Tool Error Contract — Recoverable vs Terminal
Most agent failures are not reasoning failures — they are tool contract failures: ambiguous names, weak schemas, and useless errors. A production tool must return a structured error contract that lets the agent reason about whether to retry, repair, or escalate.
Required fields: error_code (machine-readable), error_message (human-readable cause), recoverable (boolean — can the agent fix this and retry?), and retry_after_sec (for transient failures). "Error: file not found" leaves an agent looping; "FILE_NOT_FOUND, recoverable=true, hint: use list_files() to discover paths" gives the agent a path forward.
Minimal Tool Error Contract
{
"error_code": "RATE_LIMITED",
"error_message": "Too many requests for this tenant",
"recoverable": true,
"retry_after_sec": 2
}
Retry Classification — Three Error Classes
Transient (retry with backoff)
Timeout, rate-limit, network error → bounded exponential backoff with jitter. Cap at 3 retries; longer cap risks runaway cost.

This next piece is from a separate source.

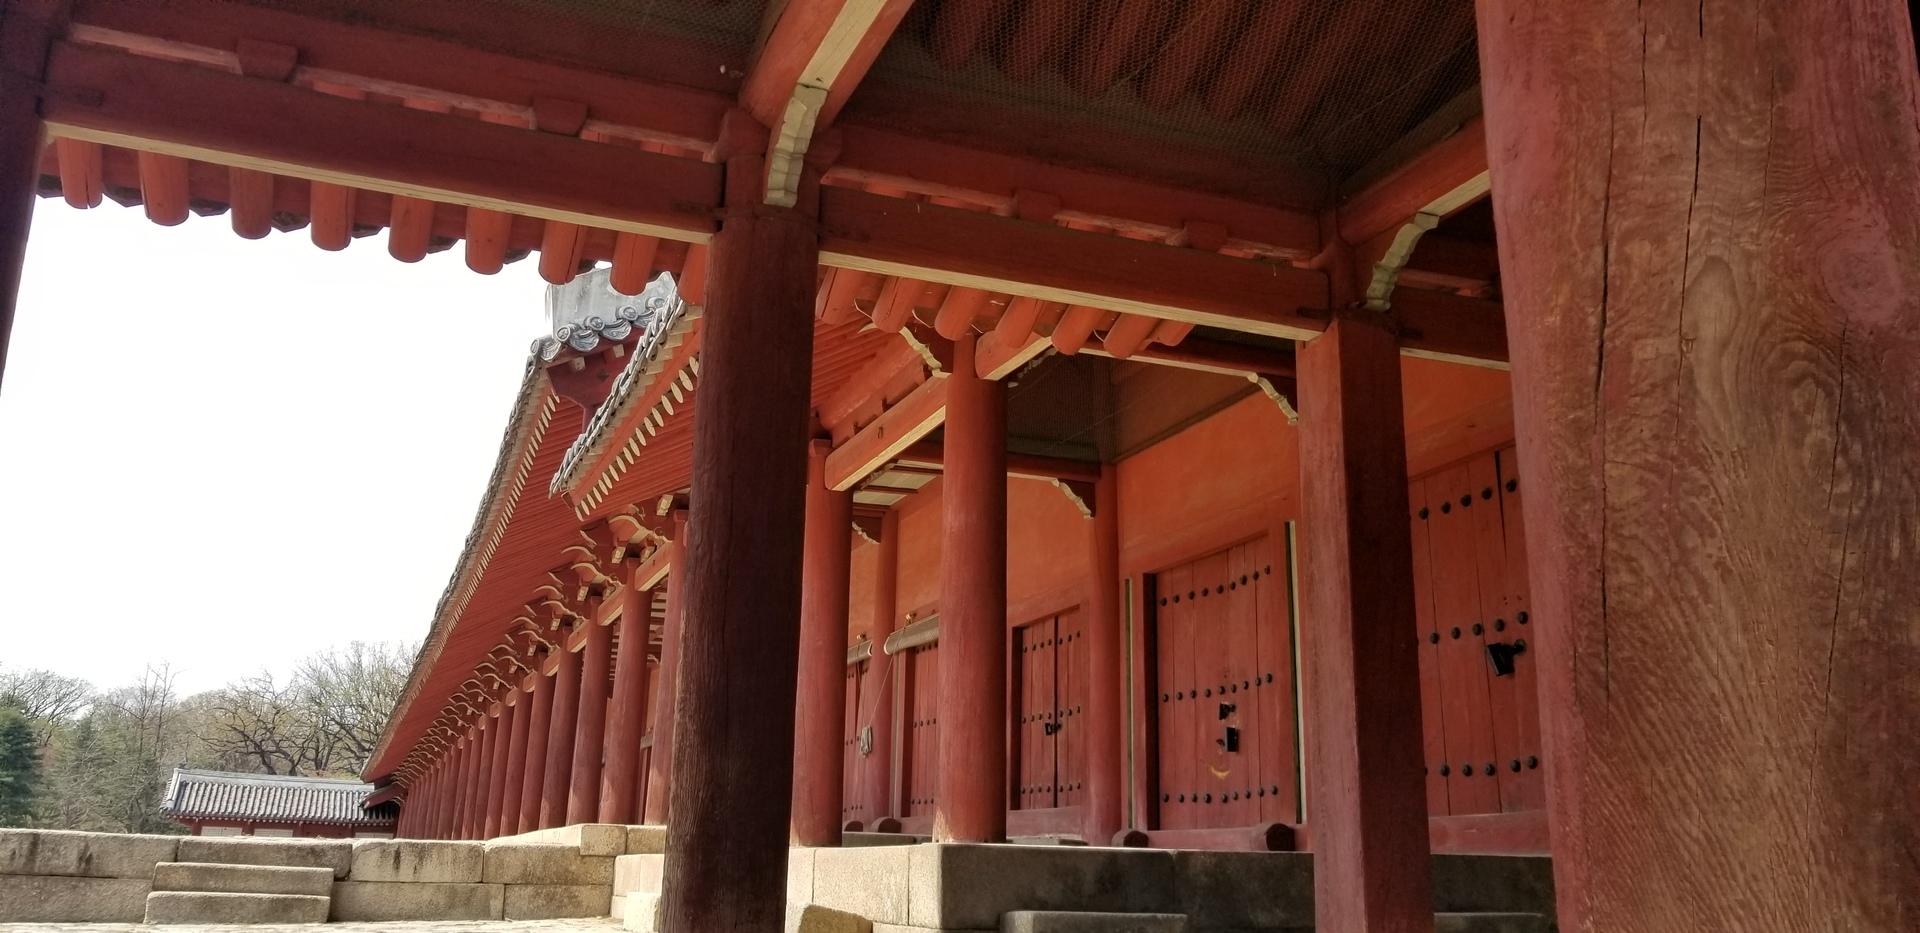 何度か、韓国は訪れてますが、宗廟は、初めてでした。個人では、入れない静かで厳かな空気の場所でした。 水原、宗廟、昌徳宮、北村と押さえるべき観光場所を回れて、贅沢なツアーです。 ただ、昼食が残念でした。

Correctable (let the model repair args)
Schema mismatch, missing required field, invalid argument → return validation error and let the agent try once or twice with corrected arguments.
Terminal (no retry, escalate)
Permission denied, unknown tool, policy blocked → no retry; force alternate plan, return diagnostic, or escalate to human. Retrying terminal errors wastes cost and can amplify side effects.
Loop detection
Hash (tool, normalized_args). If the same failing call repeats 3+ times, abort with diagnostic. Same-args repetition is the signature of a stuck agent.
Idempotency for side-effects
Every mutating call carries a client-generated operation ID. The backend deduplicates repeated submissions, so retries cannot duplicate emails, charges, or deletes.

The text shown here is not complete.